Submitted by _Hack_The_Planet_ t3_zqpe56 in boston
georgethethirteenth t1_j15g3zo wrote
Reply to comment by potentpotables in Medford school stabbing Monday injures student, leads to police presence by _Hack_The_Planet_
Chances are that if you are in your late 30s then your school wasn't implementing an "inclusion" program - I'm similar in age and I know my school didn't.
Currently schools are instructed to place students in the "least restrictive" environment possible. What this means is that students with disabilities, that in my day would have received pull-out services, are now spending their days in mainstream academic classrooms. This has proven to be beneficial to those students (in my opinion, the literature hasn't yet proven that it doesn't impede "mainstream" students) but in practice it means that instructors are now scaffolding and modifying material to meet the needs of ESL students, learning disabled students, behaviorally challenged students, autistic students, and more all in the same classroom.

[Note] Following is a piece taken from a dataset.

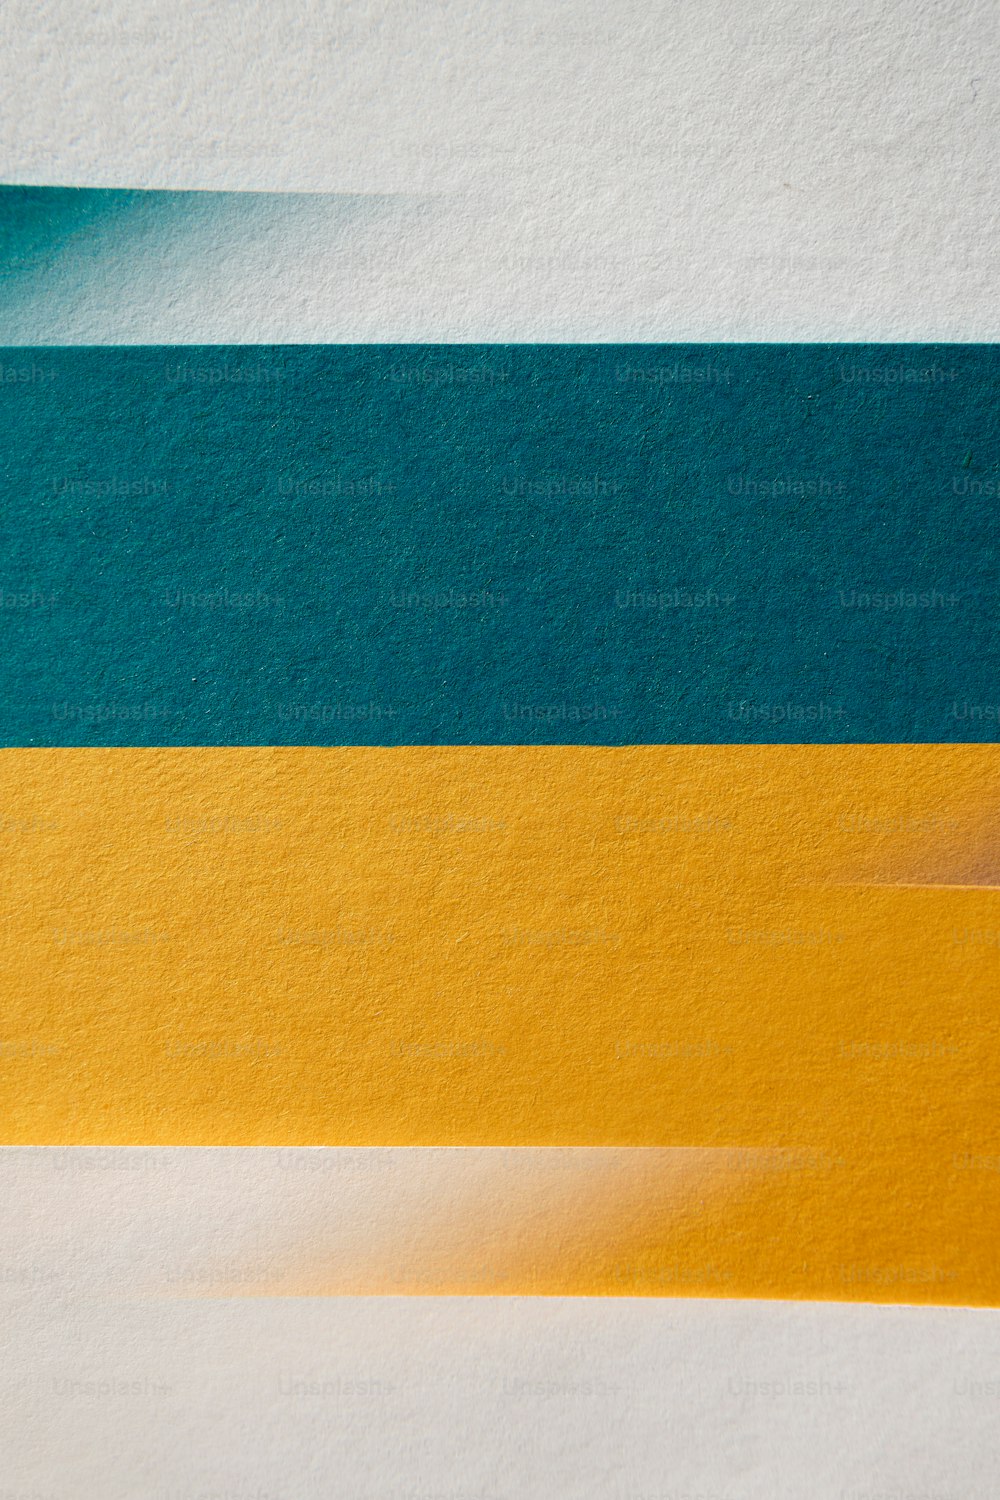 eine Nahaufnahme eines Blattes Papier mit gelben und blauen Streifen

It's challenging for a single instructor to handle the multiple different needs, paces, and abilities in a classroom on their own - quite frankly it can be extraordinarily challenging for an instructor, a para, and the occasional special ed teacher to handle a classroom of twenty-five to thirty students even with three adults in the room.
This is only one small piece of the puzzle, but Inclusion programs are where the current pedagogy is and there is plenty of literature to support it (and as someone in a classroom on the daily I'll admit that I'm not sure where I fall on the topic).